# another piebald whitetail



## brown down (Oct 24, 2013)

This is the second one that is black and white that i have seen. not far from this there is a whitetail on film that will blow the state record out of the water lol. the deer population down there is insane. If this bad boy steps out last one i heard of that was shot was a brown and white piebald and the guy was offered some insane amount.

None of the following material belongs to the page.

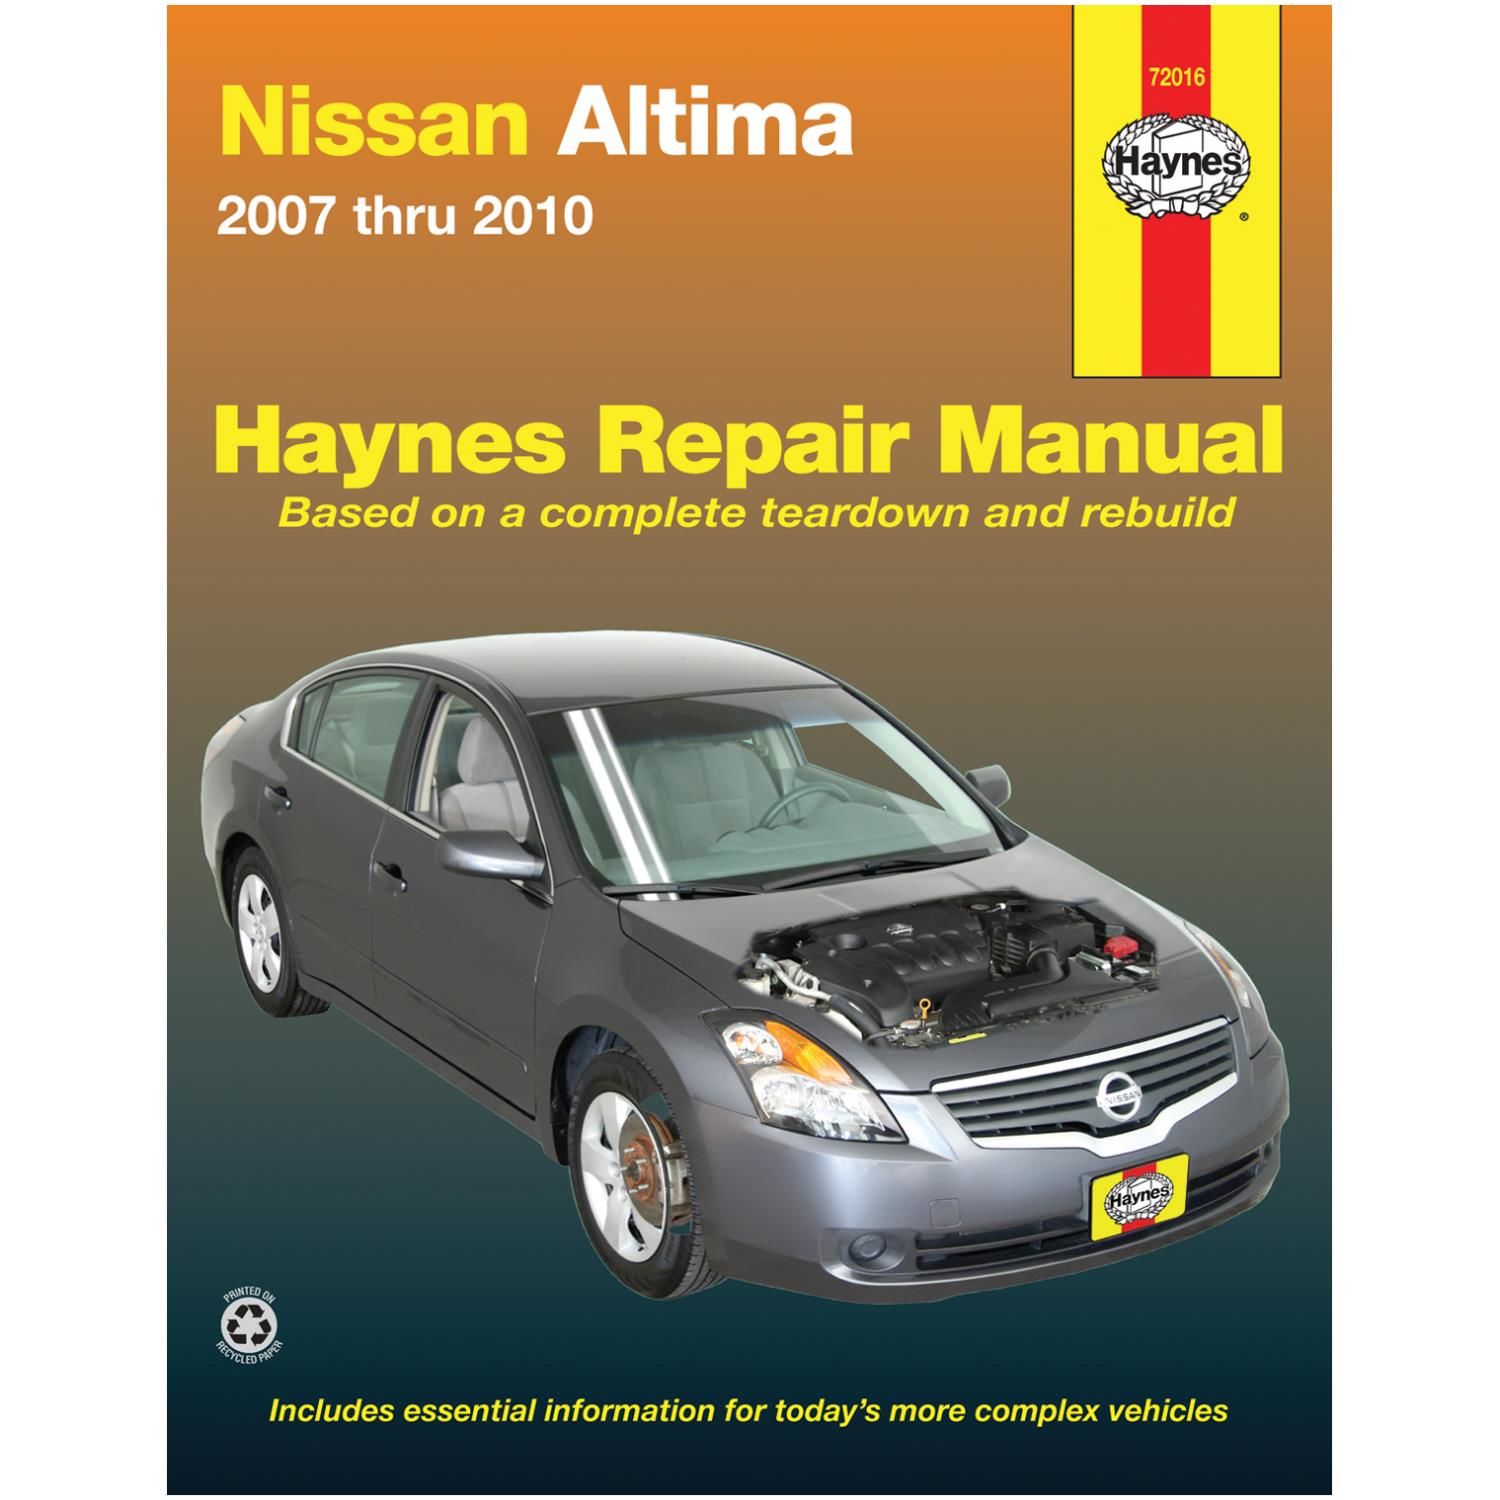 Haynes Repair Manual Vehicle 72016

i texted the pic to my cousin which this is his first year hunting.. he said whats that. my buddy and i came up with " its a deer that migrated down from Alaska and thats its winter coat and thats its natural camo hahahahahahah" he said thats amazing lol. he is gonna be fun in rifle season for sure hahaha

pretty cool to say the least. also a few years back a 14 year old black kid shot that all black buck think it was a 14 pointer... that was 10 mins down the road and there is another one!!!! thats the rarest of the rare


also glad the site is back and I am really digging the layout

Reactions: Like 4


----------



## davduckman2010 (Oct 24, 2013)

brown down said:


> This is the second one that is black and white that i have seen. not far from this there is a whitetail on film that will blow the state record out of the water lol. the deer population down there is insane. If this bad boy steps out last one i heard of that was shot was a brown and white piebald and the guy was offered some insane amount.
> 
> i texted the pic to my cousin which this is his first year hunting.. he said whats that. my buddy and i came up with " its a deer that migrated down from Alaska and thats its winter coat and thats its natural camo hahahahahahah" he said thats amazing lol. he is gonna be fun in rifle season for sure hahaha
> 
> ...


 we got a albino doe with a piebald yearling and a regular fawn with it 2 just up the road jeff we saw them 2 days ago. duck


----------



## Mike1950 (Oct 24, 2013)

Looks delicious!!!!

Reactions: Like 1


----------



## ChrisN (Oct 24, 2013)

A camo deer! or maybe it's a Holstein?:):) That's pretty cool! All those "colorful" deer!


----------



## ripjack13 (Oct 24, 2013)

Oh man...that is a great looking buck. I just did a google search on em...really cool. I'd love to see one personally.


----------



## brown down (Oct 24, 2013)

I want one bad! and yea it does look delicious and so does the doe standing behind him haha
duck smash one hell i know i will and have a full mount done on that sucker 
if you look close on the right side looks all bloody! last year in rifle we shot a heraphrodite. crazy looking thing. antlers were still bleeding i have pics somewhere i will try to dig up


----------



## davduckman2010 (Oct 24, 2013)

lol you know it jeff she makes a mistake its over . and yep full mount

Reactions: Like 1


----------



## Wildthings (Oct 24, 2013)

Anything less than a full mount would be a shame but you're talking big bucks there (pun intended)


----------



## Kevin (Oct 24, 2013)

My peridots are working hard and I just ate a little while ago. I know they don't taste any different than regular white tail but they would just have to taste better psychologically . . . .


----------